11.5, the relationship between the switching speed (fall time) tr of the element and VCE is shown in FIG. Further, FIG. 5 shows the range in which preferable device characteristics can be obtained based on the relationship between the electron beam irradiation amount and xj. The upper limit of the shaded range in FIG. 5 is the upper limit for satisfying tr≦0.9 μSQQ required for device characteristics, and the lower limit indicates that conductive modulation does not occur below this. From these results, it can be seen that the upper limit of xj is approximately 7 μm.

FIG. 6 shows the results of determining the withstand voltage of the element obtained by varying the specific resistance of the p-sized Si substrate 11 by Δ-1. This result shows that when the resistivity is less than 0.01 Ω·cm, the withstand voltage is extremely reduced.

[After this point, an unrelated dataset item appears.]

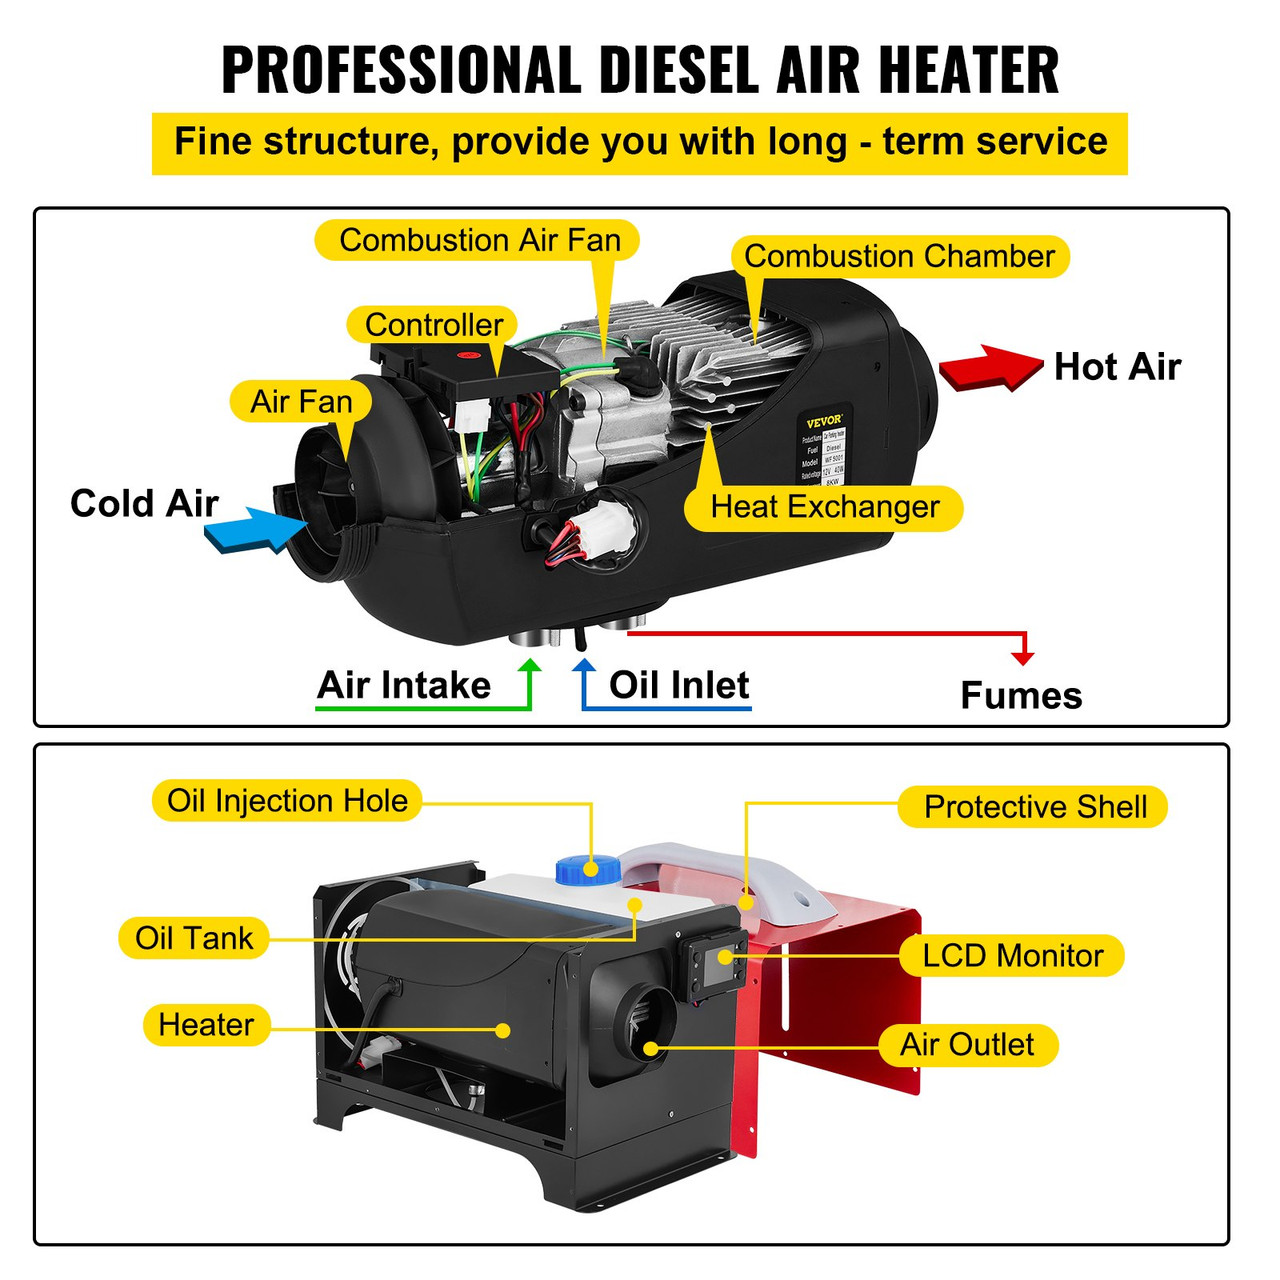 Diesel Air Heater, 5KW 12V Parking Heater, Mini Truck Heater, Single Outlet Hole, with Black LCD, Remote Control, Fast Heating Diesel Heater, For RV Truck, Boat, Bus, Car Trailer, Motorhomes

This is because if the specific resistance of the p-sized Si substrate 11 is too small,
This is because the thickness of the p-type layer 14 increases, and the n-type medium layer 13 for suppressing the extension of the depletion layer is substantially eliminated. Also, if the specific resistance is greater than 0.05Ω・cm, p
It becomes difficult to obtain the necessary thickness for the mold layer 14.

In each of the above embodiments, the p-type layer 14 was formed by diffusion from the p-small Si substrate 11. Boron ion implantation for the p-type layer 14 may be performed in advance on the n-type 5iJJ plate 12 side.

The present invention is based on the conductivity modulation type MO3 shown in each of the above embodiments.
The present invention is not limited to FETs, and can be applied to other elements. For example, a structural example when applied to a GTO is shown in FIG. To briefly explain the manufacturing process, pms i board 31
and n-type Si substrate 32 are directly bonded together in the same manner as in the above embodiment to form an integrated structure. At this time, if necessary, further heat treatment is applied after bonding to remove impurities from the p-type substrate 31.
A p-type diffusion layer 33 is formed by diffusing to the type substrate 32 side.

After this, a p-type base layer 35. An n-type emitter layer 36 is formed, and a cathode electrode 37. A gate electrode 38 and an anode electrode 39 are formed.

In this embodiment as well, the p-type diffusion layer 33 on the adhesive interface 34
By setting the total amount of impurities in the same range as in the previous example, the same effects as in the previous example can be obtained.

In addition, in order to reduce the lifetime of the interface, it is also possible to thermally diffuse a lifetime killer such as gold and utilize the property that it gathers at the adhesive interface.

[Effects of the Invention] As described above, according to the present invention, when forming an element wafer using direct bonding technology of substrates, the carrier lifetime of the adhesive interface is low, and By operating the diffusion layer formed on the high-resistance substrate side as an emitter and regulating the total amount of impurities in the diffusion layer of the four elements within a predetermined range, it is possible to achieve excellent device characteristics that cannot be obtained with conventional methods. .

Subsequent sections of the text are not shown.